ADV: EDINEY COSTA DA SILVA (OAB 7646/AM) – Processo 0746738-48.2022.8.04.0001 – Procedimento do Juizado Especial Cível – Práticas Abusivas – AUTORA: Eliana da Silva Tavares – Forte nessas razões e satisfeitos os pressupostos do art. 300 do CPC, determino à parte requerida que se abstenha de promover a inscrição do nome da parte requerente nos cadastros de proteção ao crédito, relativamente exclusivamente aos débitos mencionados na peça de ingresso, referente aos meses de agosto de 2021 a fevereiro de 2022, ou, caso já o tenha feito, que promova a necessária exclusão, no prazo de cinco dias úteis, sob pena de multa diária de R$300,00 (trezentos reais), até o limite de 15 dias, pelo  descumprimento deste preceito, a ser revertida em favor da parte suplicante.
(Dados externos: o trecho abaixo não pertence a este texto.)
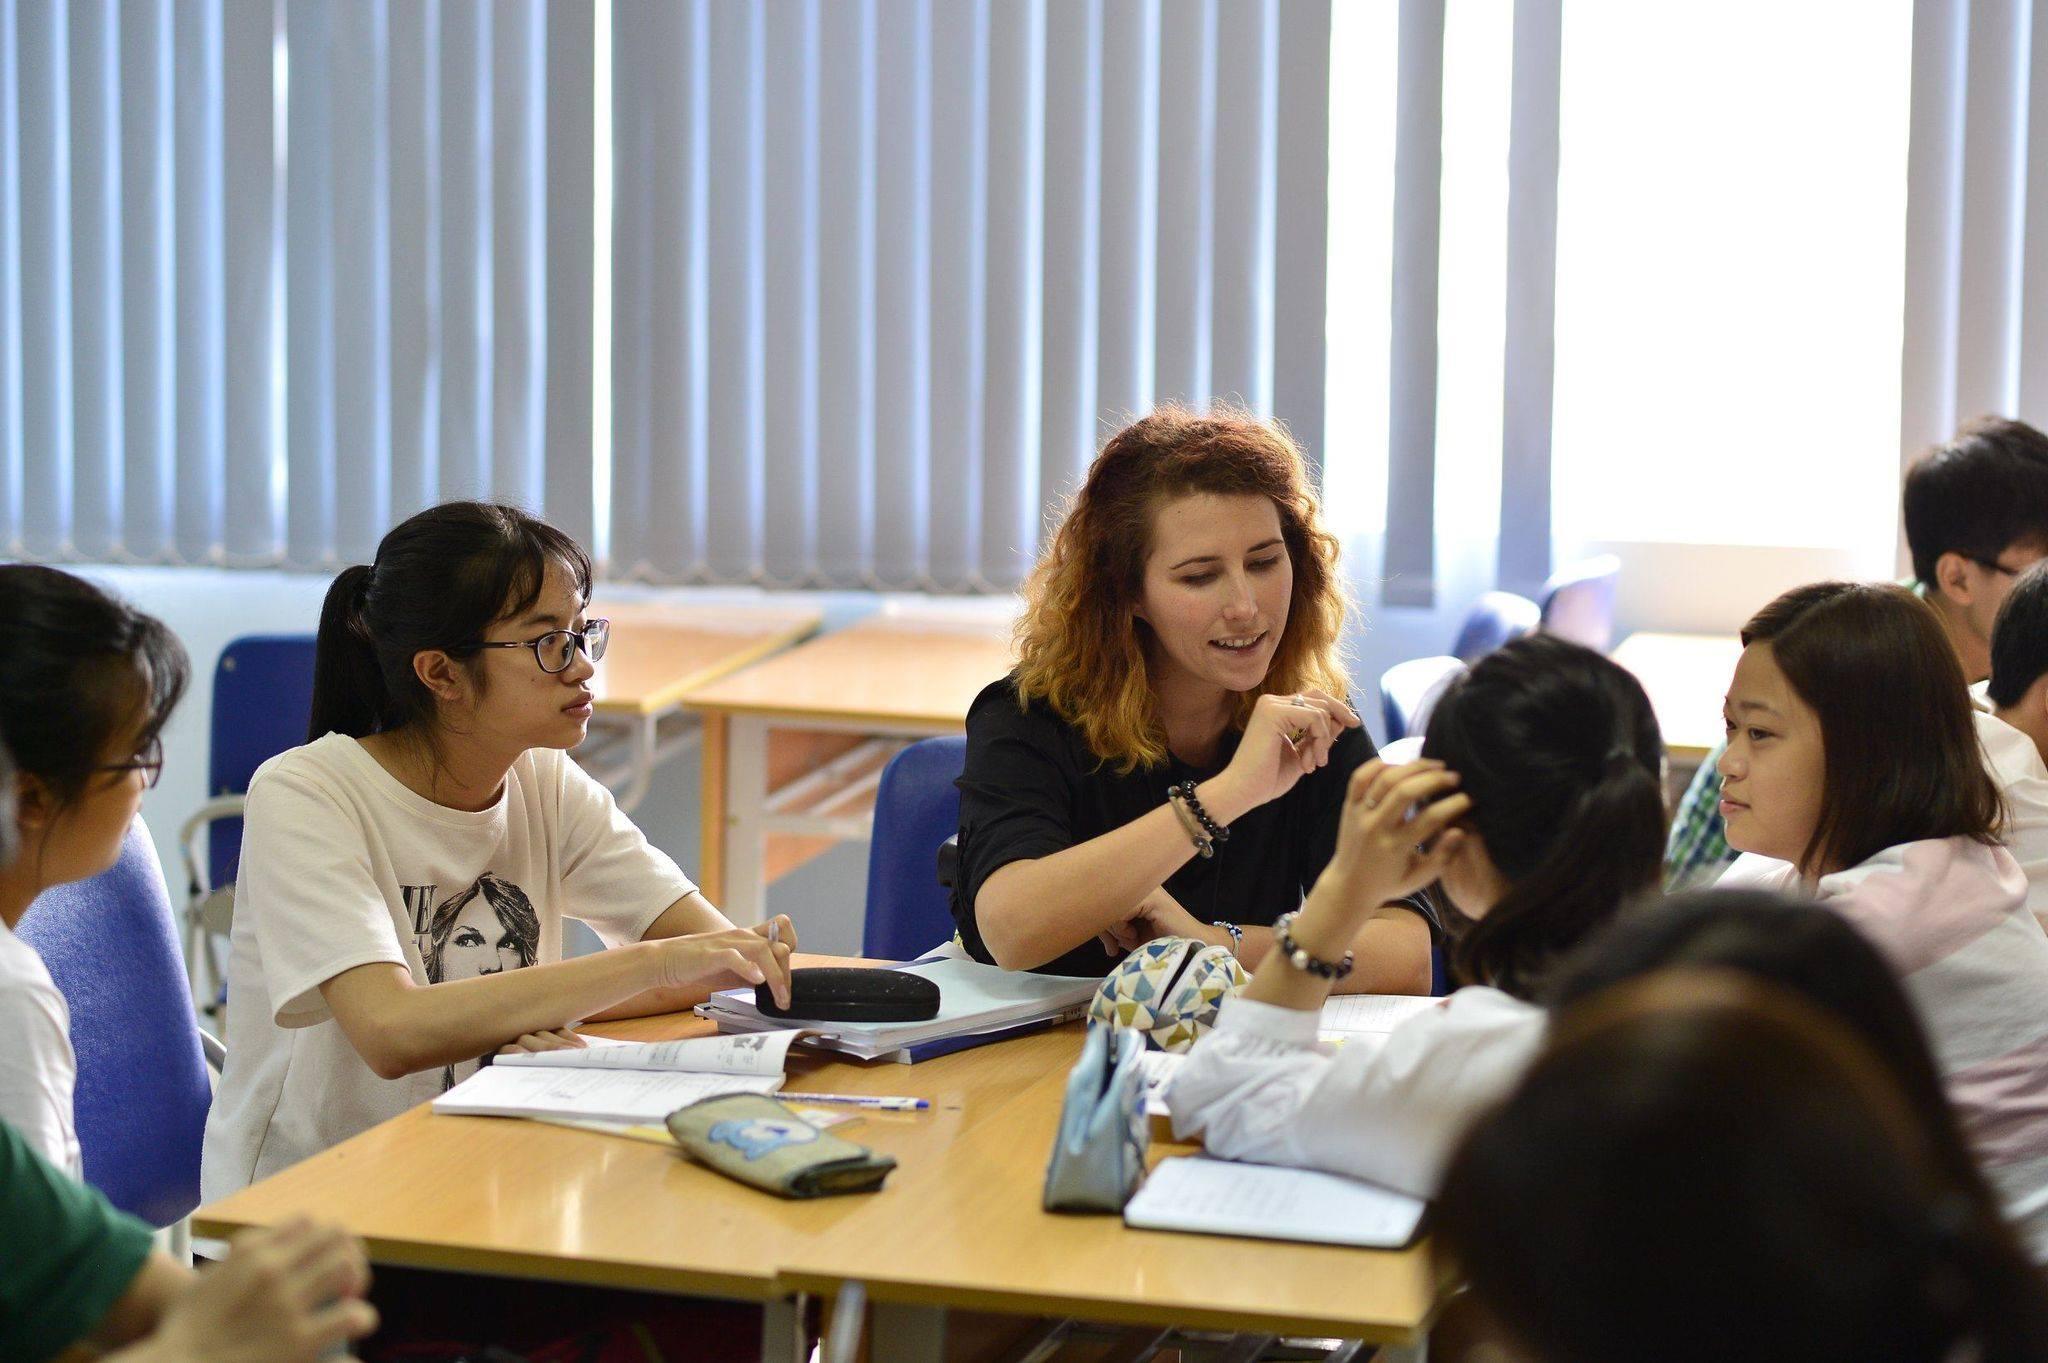 Từ tháng 3/2020 đến nay, Trường ĐH Khoa học và Công nghệ Hà Nội USTH đã tiếp nhận hơn 20 hồ sơ của du học sinh Việt Nam về nước hoặc của những học sinh dự định du học nhưng phải thay đổi kế hoạch do dịch bệnh. Trong ảnh: Một giờ học tiếng Anh với giáo viên bản ngữ của sinh viên USTH. Ảnh: Khánh Leo
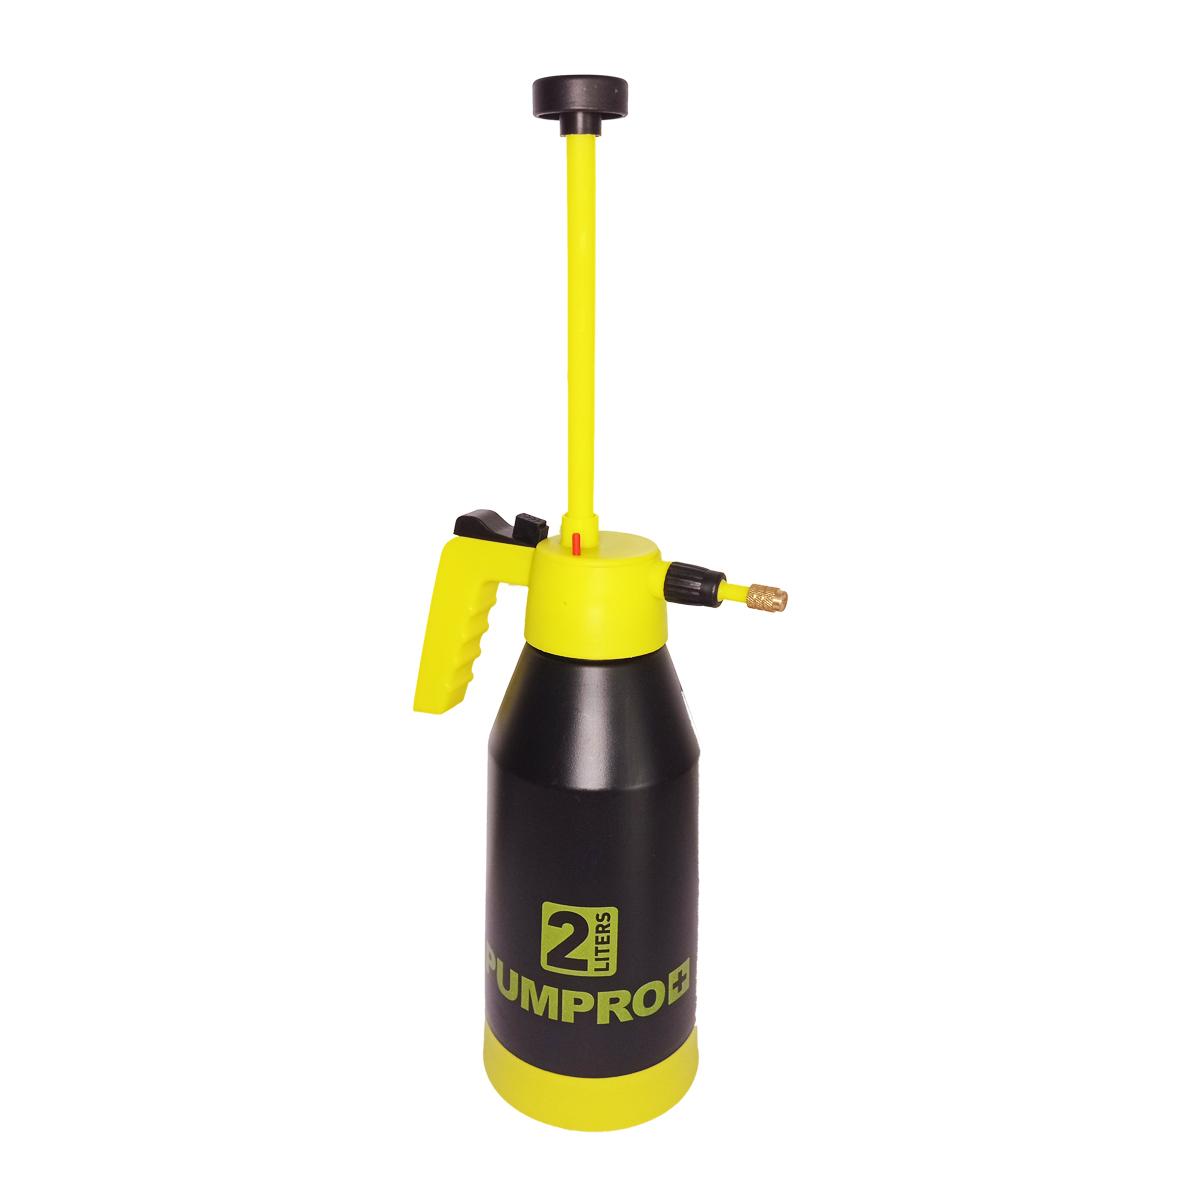 Pulverizador PUMPRO  2 Litros

Determino, outrossim, que a concessionária ré se abstenha de interromper o fornecimento de energia elétrica à unidade consumidora da parte demandante, em razão das dívidas objeto deste feito, ou retome o fornecimento em 48 horas, se já interrompido, cominando multa de R$1.000,00 (mil reais) por dia de interrupção em descumprimento deste decisum, limitada a 10 dias. Cuidando-se, pois, de ação fundada em relação de consumo, em que reconheço a hipossufi ciência técnica e econômica da parte autora, inverto o ônus da prova a seu favor, cabendo ao réu a efetiva demonstração da regularidade de sua conduta, na esteira do art. 6°, VIII do CDC. Considerando o aumento exponencial dos feitos distribuídos às unidades que integram o microssistema dos juizados especiais, a exigir o emprego de múltiplas ferramentas de gestão, a fi m de elidir o comprometimento da eficiência do serviço judiciário; primando pelos princípios da razoável duração do processo, economia processual, efetividade e da instrumentalidade das formas que norteiam a Lei 9.009/95; que a matéria tratada na presente ação é, em geral, de direito, e em processos semelhantes já se mostrou remota a possibilidade de acordo; FICA O RÉU, desde já citado e intimado a apresentar sua contestação, em 15 dias, e sendo o caso, apresentar proposta de acordo, no bojo de sua defesa. No mesmo prazo, pode pugnar pelo julgamento antecipado da lide. A necessidade de produção de prova em audiência deve ser especificada e demonstrada, de forma inequívoca, para que seja incluída em pauta. Dispensada a realização da audiência de conciliação, instrução e julgamento, os autos serão conclusos à sentença. Intimem-se e cite-se

Leia mais

Sem prova de ilegalidade, Justiça não substitui avaliação de comissão de heteroidentificação

Segundo a decisão, o controle judicial é possível, mas não autoriza a substituição automática da avaliação administrativa. A Justiça Federal negou o pedido de liminar...

Análise de documentos não se confunde com dilação probatória para negar mandado de segurança

TRF1 suspende sentença que extinguiu ação sem julgamento do mérito ao entender que controvérsia pode ser resolvida com base em documentos já constantes dos...

Mais Lidas

Justiça do Amazonas garante o direito de mulher permanecer com o nome de casada após divórcio

O desembargador Flávio Humberto Pascarelli, da 3ª Câmara Cível...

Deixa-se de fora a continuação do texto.